### Task
The output is the lines below from the one with "Club Car Precedent" through the one with "potiondintegration", both included, printed exactly and with no other line.

### Data provided
──────────────────────────────

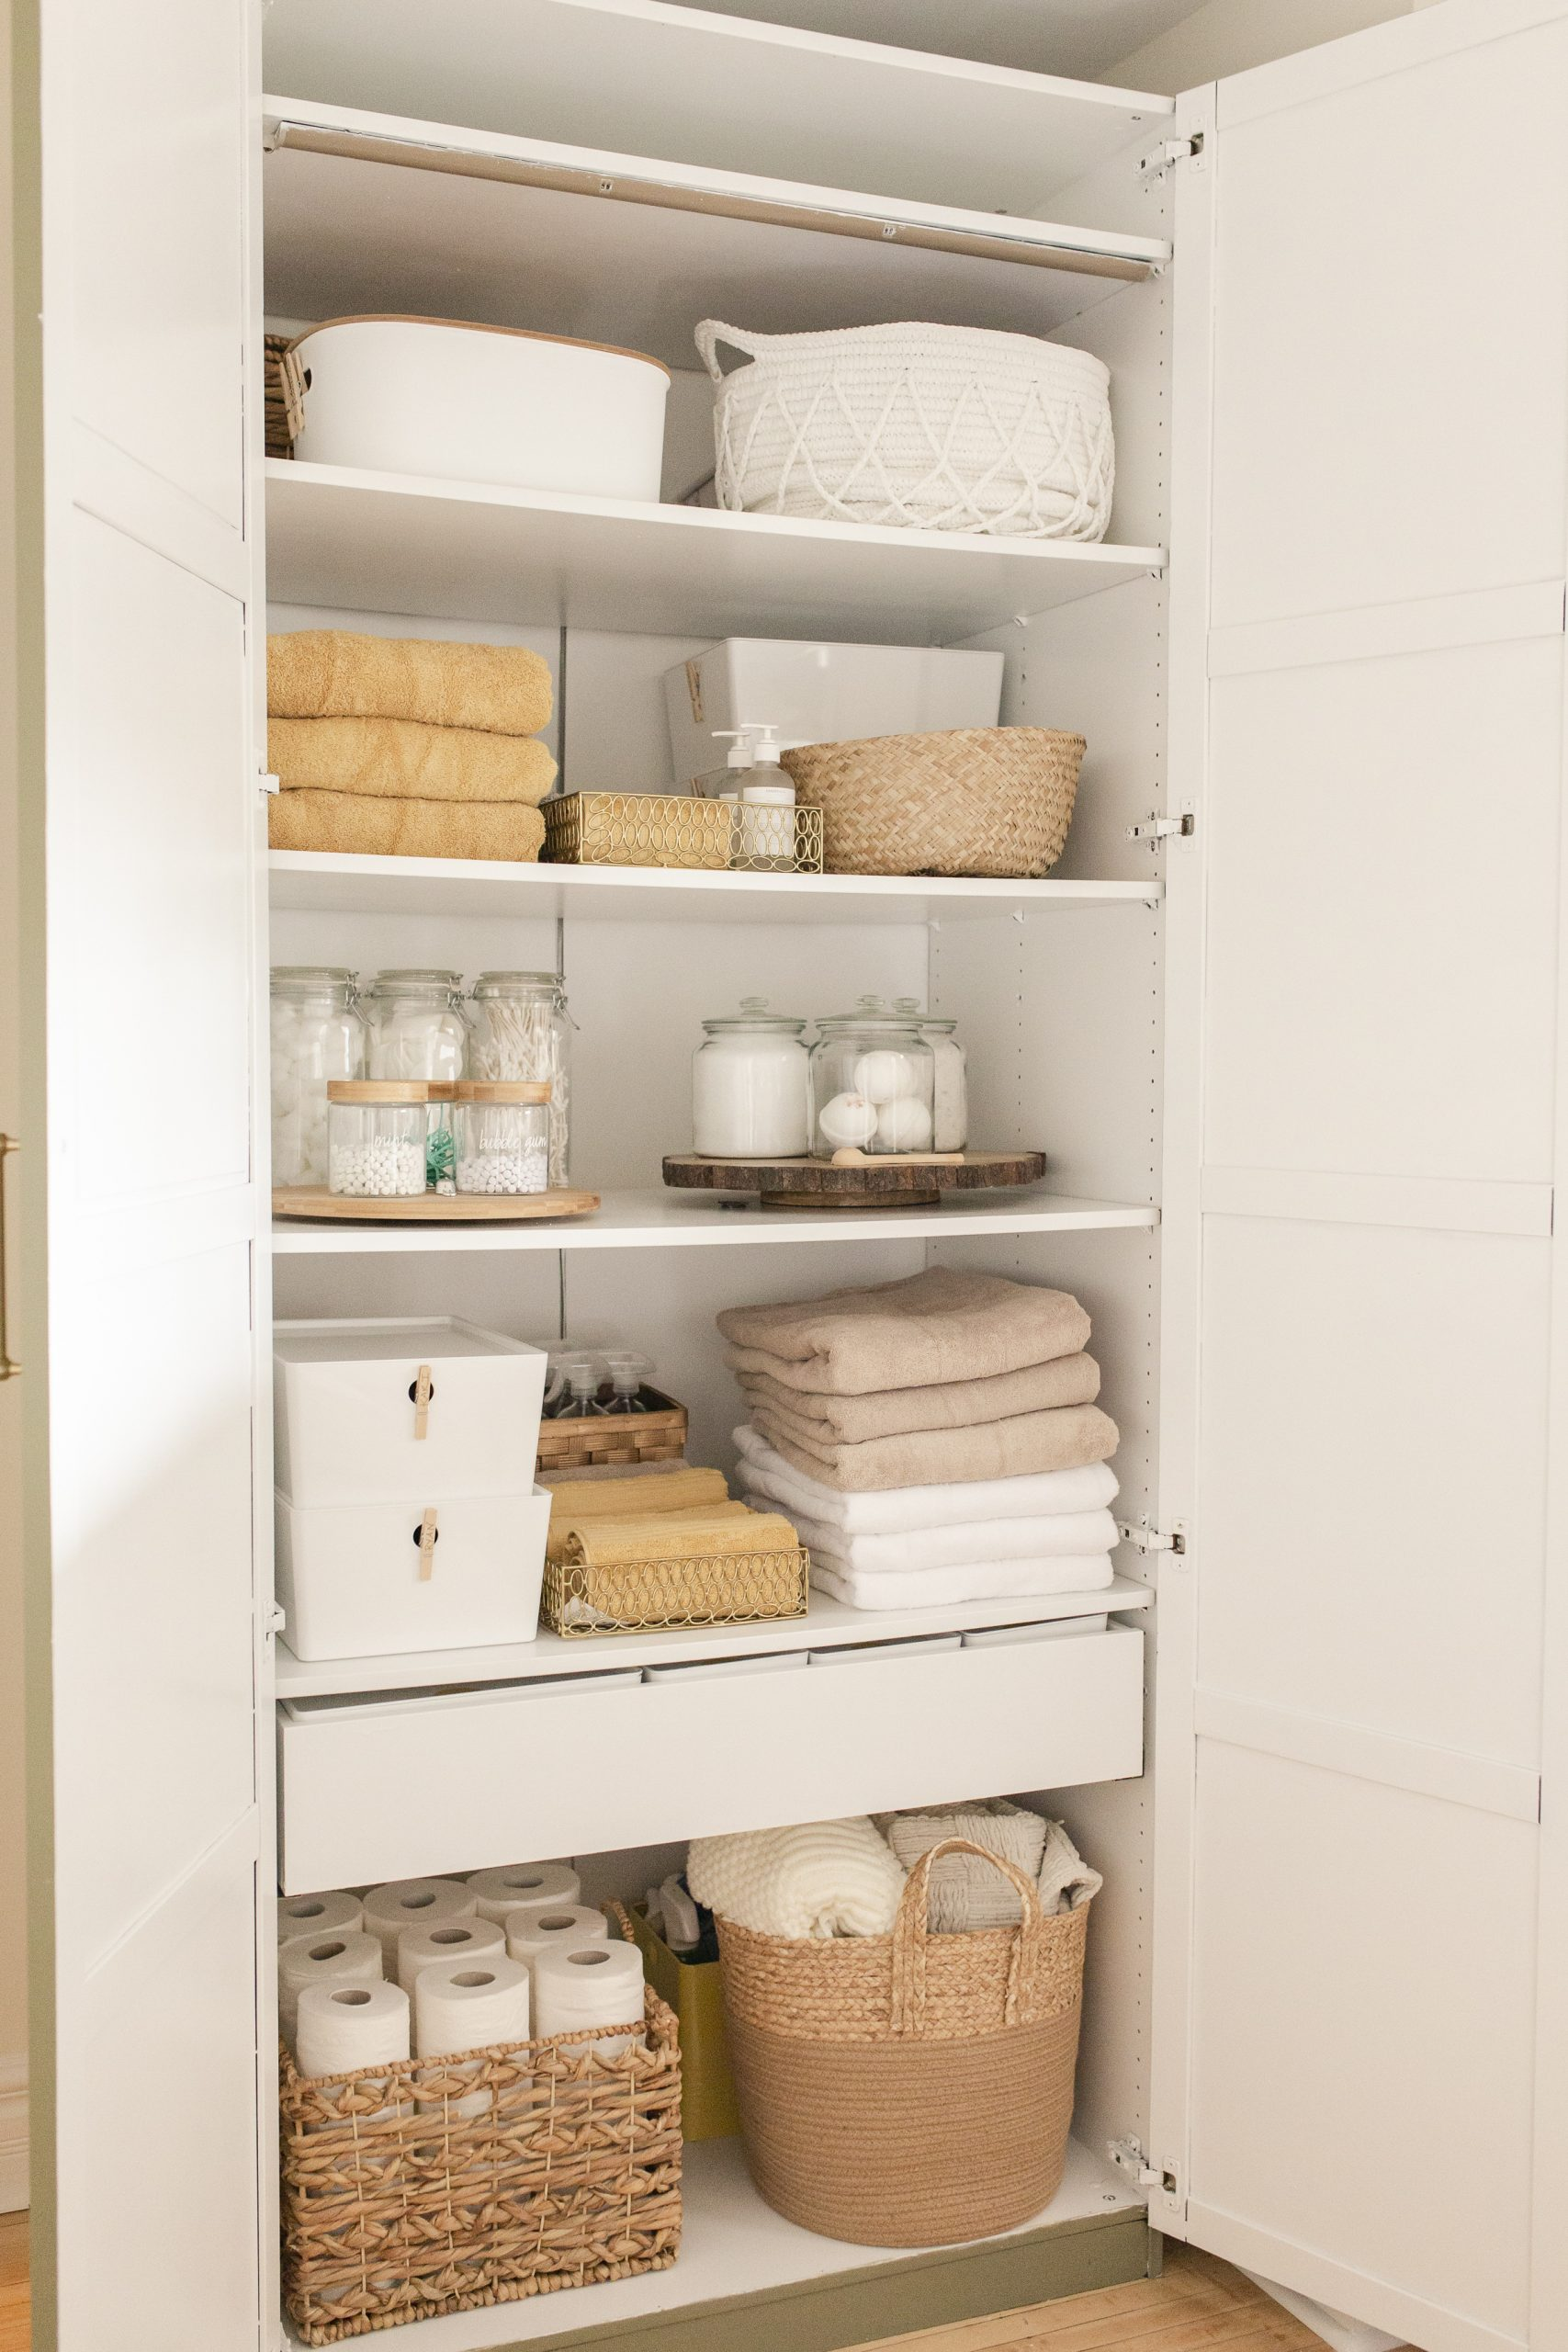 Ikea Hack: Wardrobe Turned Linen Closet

──────────────────────────────

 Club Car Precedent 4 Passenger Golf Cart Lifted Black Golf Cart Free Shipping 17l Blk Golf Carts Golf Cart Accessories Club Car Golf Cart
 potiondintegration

──────────────────────────────

### Result for this task
 Club Car Precedent 4 Passenger Golf Cart Lifted Black Golf Cart Free Shipping 17l Blk Golf Carts Golf Cart Accessories Club Car Golf Cart
 potiondintegration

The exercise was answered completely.